Your baby’s health

by Dr. Derrick Thompson (Obstetrician & Gynaecologist)


You should give birth to a healthy baby if your baby’s growth is normal as should on the SPH growth chart, and you feel its movements (kicks) after 18 to 20 weeks gestation and dialy kicks after about 26 weeks gestation.  If you develop any complications such as high blood pressure or vaginal bleeding, this guideline may change.

Fetal movements (kicks)

1. Before 26 weeks gestation

You will usually start to feel fetal movements at 18-20 weeks gestation, although not necessarily on a daily basis.  Many women describe them as flutters or butterflies felt below the navel.  You will notice movements at this stage because by now the fetus has grown large enough for its movements to be sufficiently strong to be transmitted through the wall of the uterus to your anterior abdominal wall.  At this stage of pregnancy, the wall of the uterus comes in direct contact with your anterior abdominal wall.

The wall of the uterus (myometrium) does not contain nerve fibres sensitive to movement.  Thus, it is the fetus moving directly against your anterior abdominal wall which give you the sensation of movement.

2. After 26-28 weeks gestation

It is most important for you to be aware of your baby’s movements each day, either as a kick or rolling sensation.  As your EDD approaches, you will experience your baby’s movements as a stretching sensation.  Your baby is growing, and the amount of liqour (fluid) around your baby is diminishing.  Therefore, there is less room for your baby to kick.

If you are concerned about your baby’s well being, your doctor may suggest you create a kick chart where you record and count your baby’s movements.  You should feel at least 10 kicks between 9 am and 9 pm.  You should not rely on kick charts alone to monitor the well being of your baby in utero.

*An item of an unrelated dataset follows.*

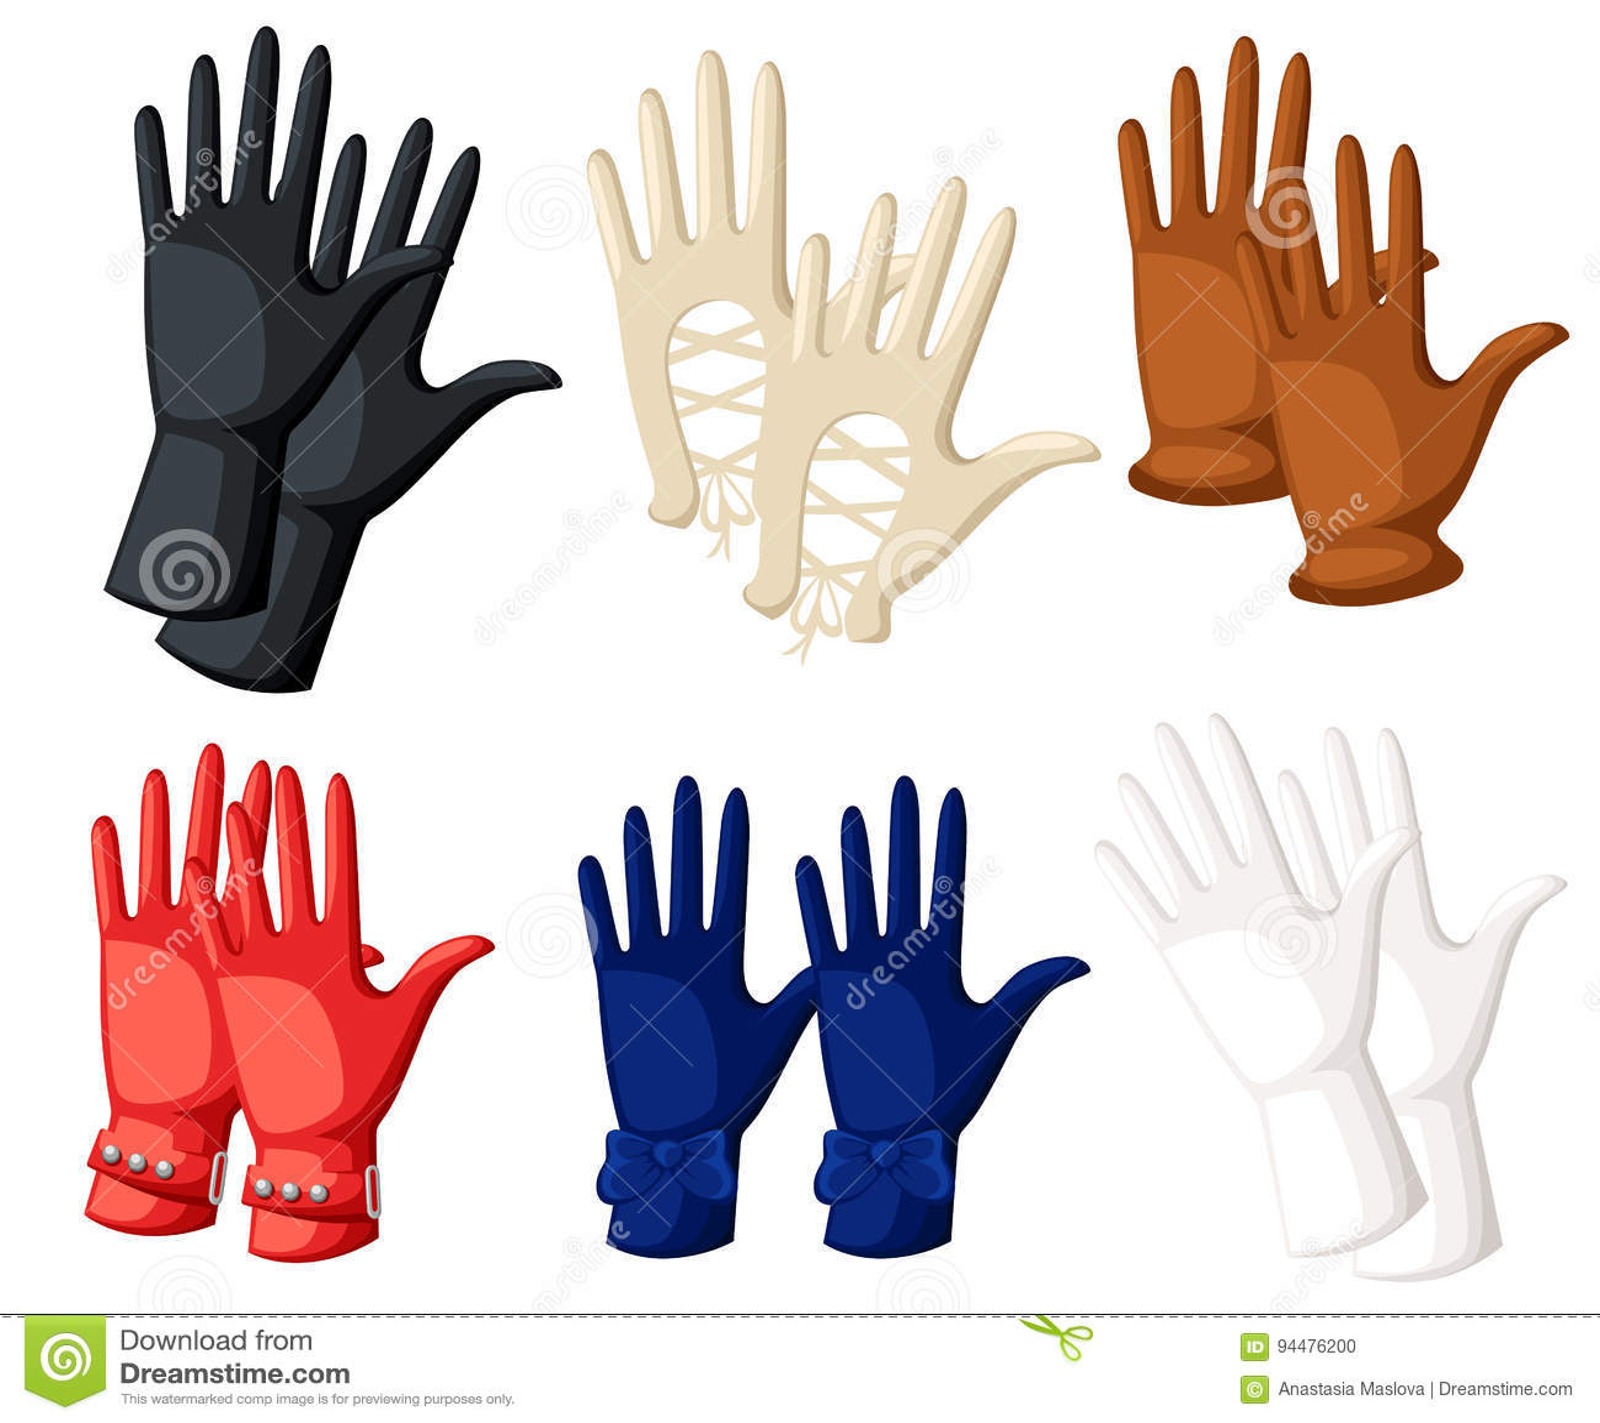 gants d hiver stock illustrations vecteurs clipart 5 298 stock illustrations. Black Bedroom Furniture Sets. Home Design Ideas

If you are not aware of any fetal movements during the day, I recommend you either have your evening meal or a glass of fluid, and lie down.  Normally, you should feel your baby move within the next 2 hours.  Loud music music may stimulate fetal movements.  If you do not feel any fetal movements within 2 hours, you should contact your doctor who normally would arrange for fetal monitoring to be performed on your baby.

you should contact your doctor or midwife if you perceive a daily reduction in fetal movements.  Delays of greater than 24 hours between the perception of decreased movements and presentation to your carer have been associated with increased morbidity and mortality, for example stillborth.

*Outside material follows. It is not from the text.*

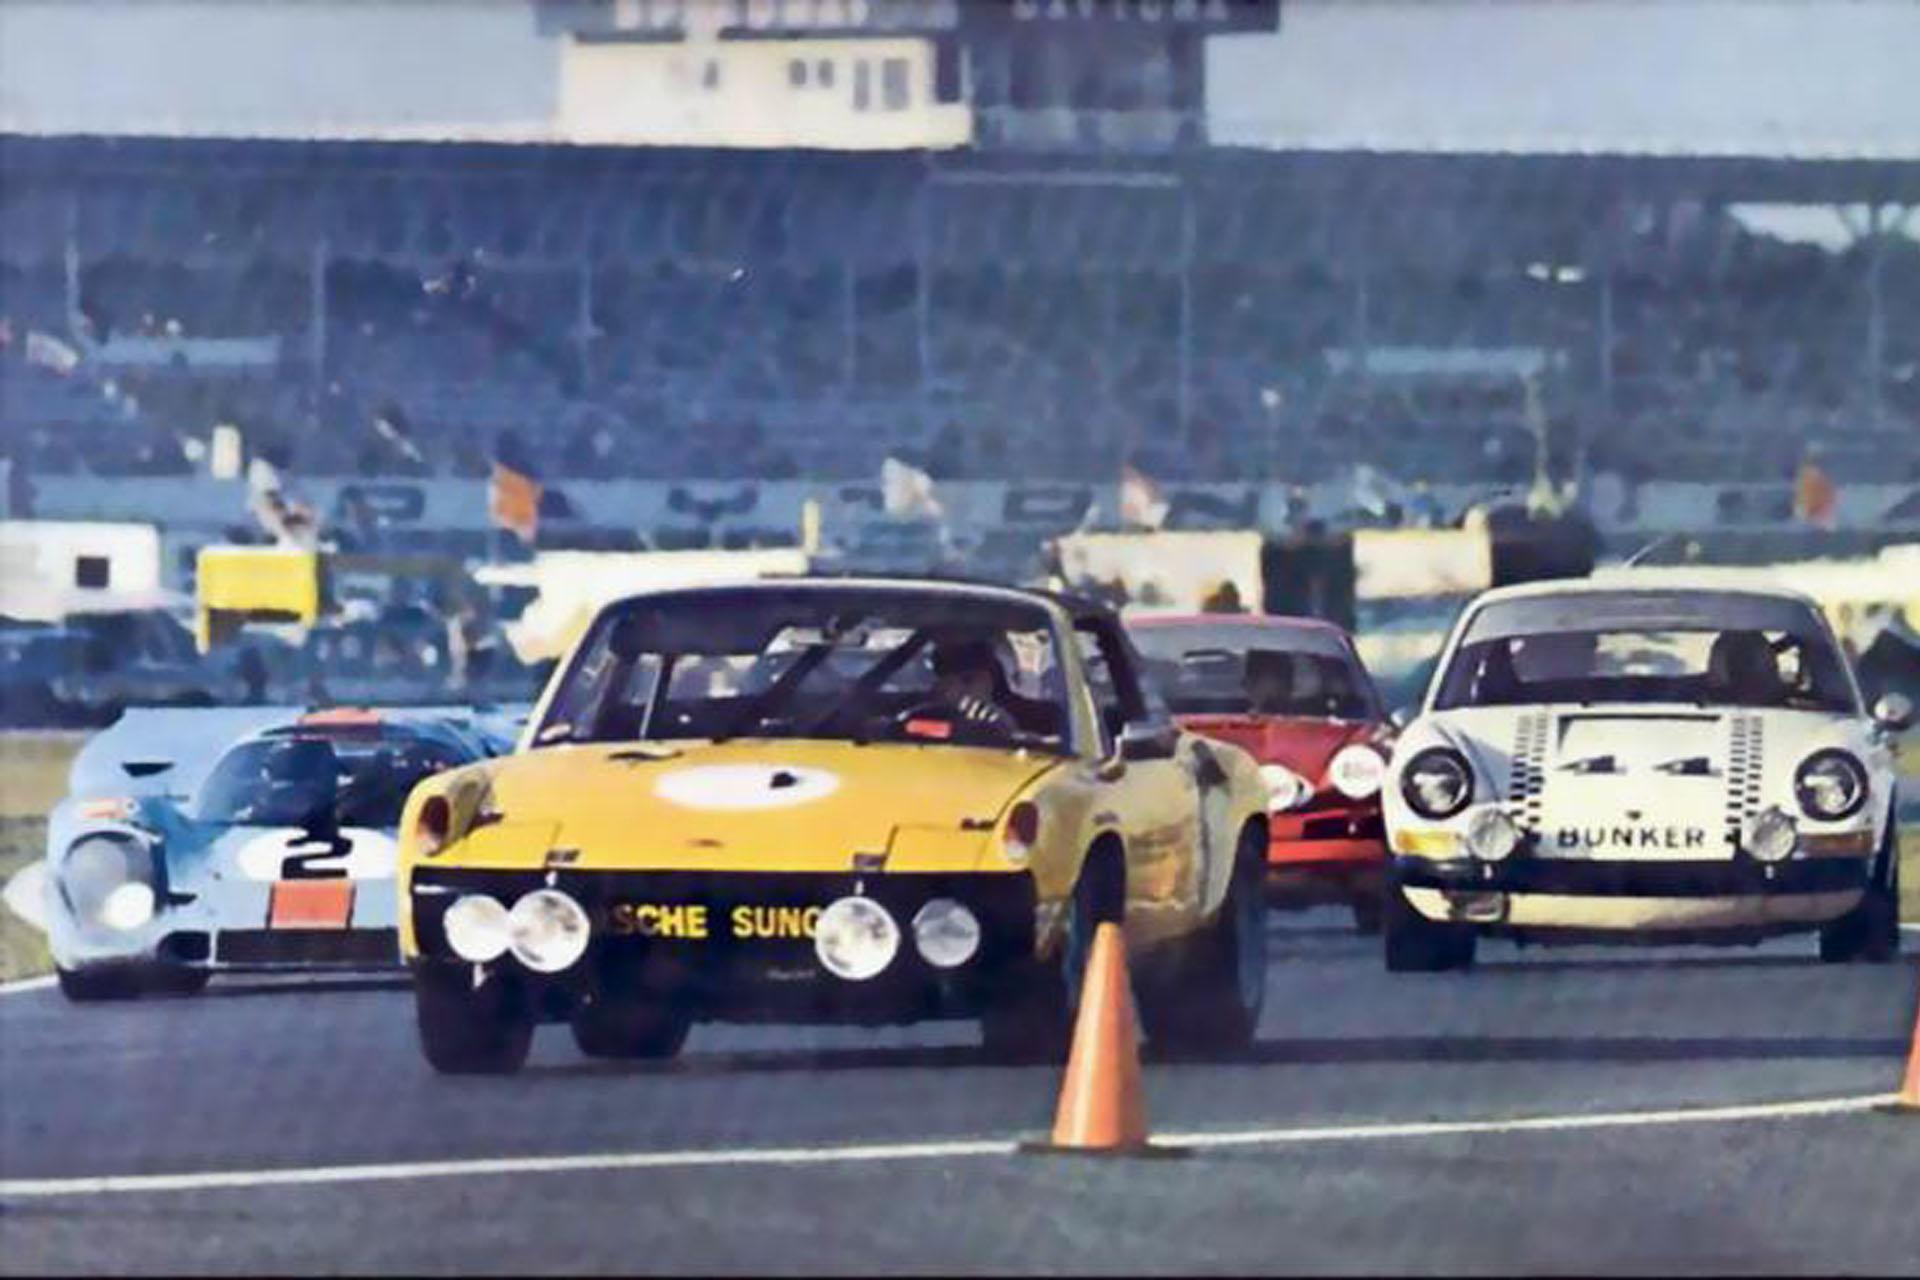 914/6 GT Nachbau des berühmten 24 hours of Daytona

Should the above circumstances arise, a cardiotocography (CTG) and an ultrasound examination – at least for liquor volume – should be performed.

Fetal heart

At each antenatal visit, your doctor or midwife will listen to your baby’s heart.  It is very reassuring if your carer can listen to your baby’s heart with a fetal dopler machine.  This will enable you to hear your baby’s heart beating.  I also recommend your partner listen to the fetal heart.

To do this at home after 30 weeks gestation, use the following method.  Most of the time the fetus lies head first (cephalic).  Your partner can therefore best hear the baby’s heart by placing his ear on your abdomen between the navel and the iliac crest (hip-bone) on the opposite side to where you feel the baby’s kicks.

The baby’s heart rate in utero is normally about double the mother’s heart rate, that is, 120 – 160 bpm (beats per minute) compared with 60 – 80 bpm of the mother.  If your partner finds it difficult to discern the baby’s heart form yours, he should feel your pulse at the same time as listening for the fetal heart beat, and he will be able to tell the difference.

Ultrasound

Many women require an ultrasound examination to further check the well-being of their baby.

If your baby is assessed as small for gestational age, that is, its size is measured as less than the 5th percentile, your doctor may recommend a chromosomal analysis.  It has been found that up to 19% of fetuses of a size less than the 5th percentile have  achromosomal abnormality, especially if there is:

  • a structural abnormality such as a cardiac defect
  • normal liquor volume
  • normal uterine or umbilical artery blood flow measured by a Doppler flow ultrasound

In these circumstances a fetal chromosome analysis may be an option.  The ultrasonologist will obtain a fetal blood sample form the umbilical cord of the baby.  This is performed under local anaesthetic and ultrasound control by inserting a fine needle through he mother’s abdominal wall into the uterine cavity.